The startup’s leadership team combines heavy-industry credibility and product-engineering chops: Co-founders Jordan Stern and Tara Viswanathan previously founded and scaled a high-growth startup to a nine-figure exit. Unlimited’s manifesto frames its mission in bold terms: infrastructure shouldn’t just maintain; it should inspire. “When it comes time to build, robotics with embodied intelligence will bring that design into reality at massively accelerated speed and with incredible precision,” the company writes on its website.

In our conversation, Modon returned repeatedly to the industry’s inertia with doing business the same old way. “A lot of these people have not had their ChatGPT moment,” he said. “They are looking at workflows that have not changed in decades. They have no priors for what this technology can actually do.” This makes product demonstrations unusually effective. When Unlimited shows an engineering team a multivariate design search that explores tens of thousands of configurations, the reaction is immediate. “It looks like magic to them,” Modon said.

Unlimited’s early customers include young energy technology companies and large industry incumbents that both need projects delivered far faster than existing contractors can support. These buyers care about acceleration more than anything. A data center developer that waits six or nine extra months before breaking ground loses revenue, market share, and power capacity it may never recover. If you’re making a connection between Energy, Data Centers, Unlimited, and Andressen’s role nurturing an ecosystem of AI startups, addressing every niche as quickly as they can be found and matched with a team.

Unlimited currently has a handful of live projects across mining, power, and data infrastructure. The total project values range from a quarter to half a billion dollars, with Unlimited’s portion structured as fixed-price work, instead of cumbersome change orders and continual re-pricing that slows the process today. He argues that removing change orders is fundamental. “We do changes all the time,” he said. “That is the point. But we do not let the contract punish the customer for learning. Iteration should be natural, not a revenue event.”

“The engineering and construction industry has remained largely unchanged for decades,” said Katherine Boyle, General Partner at Andreessen Horowitz. “Unlimited’s vertically integrated, AI-first approach represents a paradigm shift, turning design and build into a rapid and continuous optimization problem. This is exactly the kind of innovation needed to restore America’s ability to build ambitious infrastructure at scale.”

The company plans to double or triple its seven-person team over the next three to six months. Most new hires will be multidisciplinary engineers who can work across mechanical, electrical, civil, and process systems using the company’s internal AI tools.
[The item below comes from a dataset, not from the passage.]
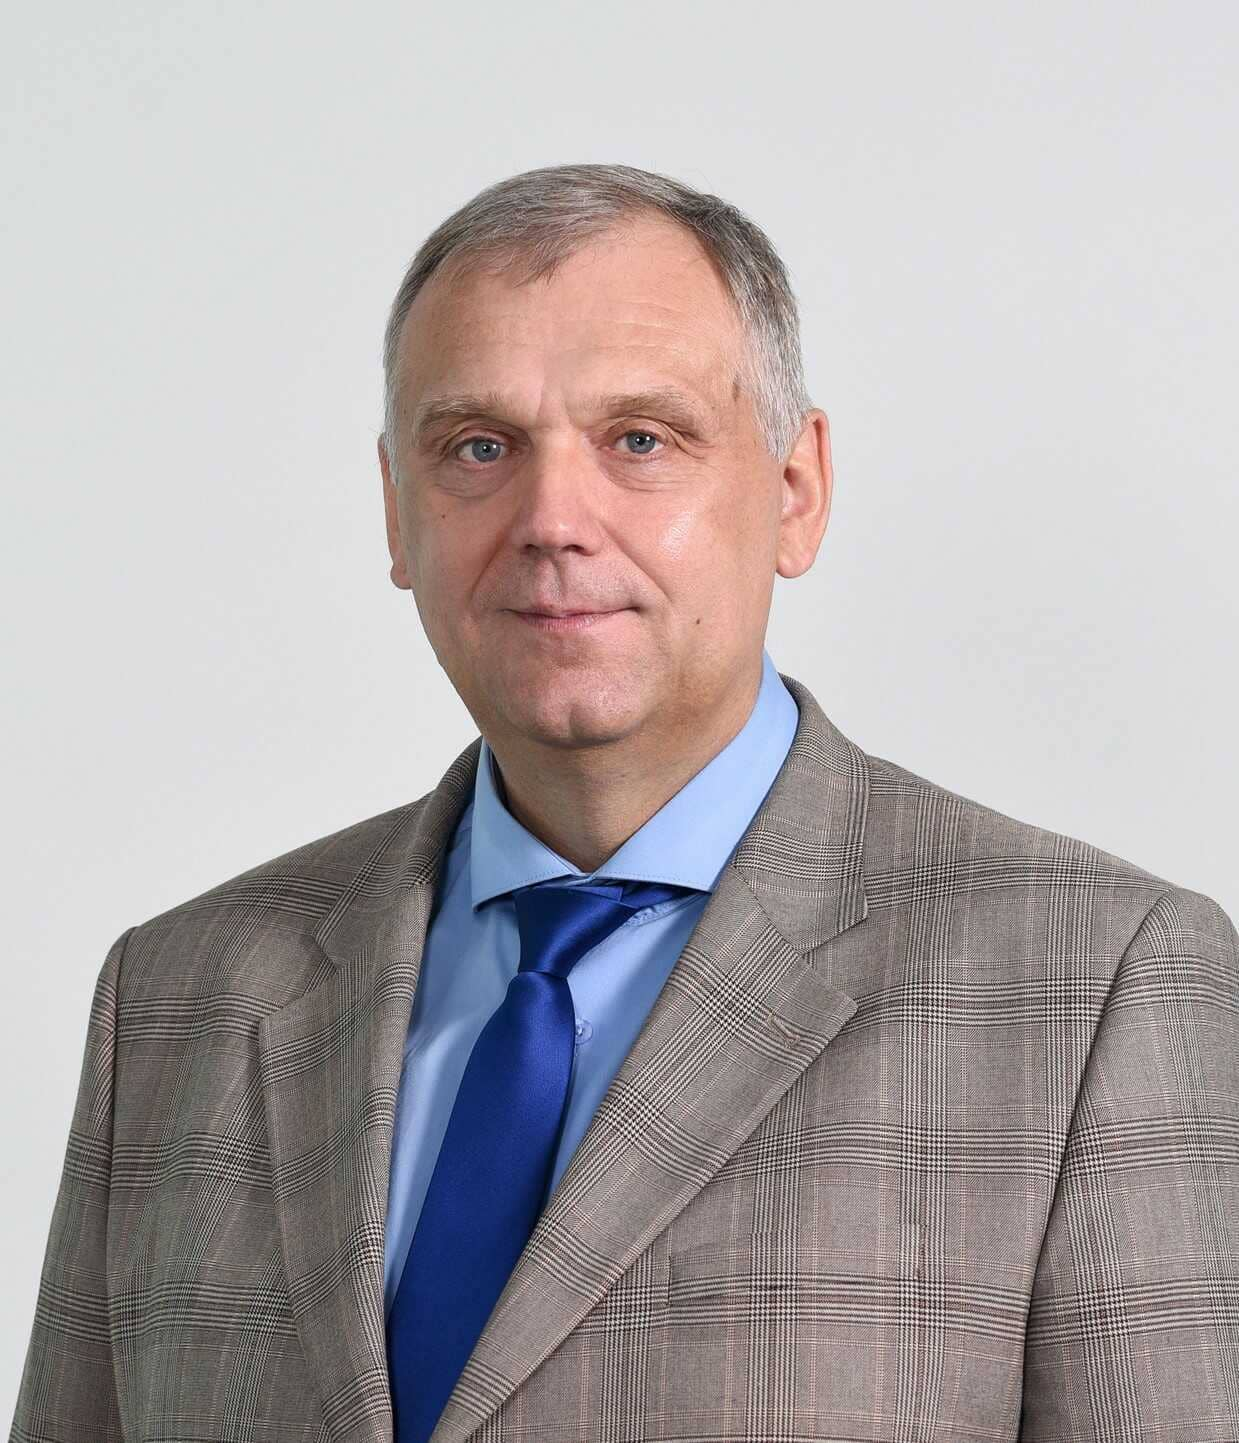 Эксперт в области автоматизации ЖКХ

The team is concentrated in San Francisco, but construction activity will continue to take place in regions where timelines are achievable. Texas is the current focus.

Modon’s goal is to build enough capacity and product maturity to compete directly with the entrenched engineering and construction incumbents that dominate industrial work. He does not think incremental tools will bend the curve. “We are not trying to give broken incentive structures better software,” he said. “We are trying to earn the right to show there is a different way to build.”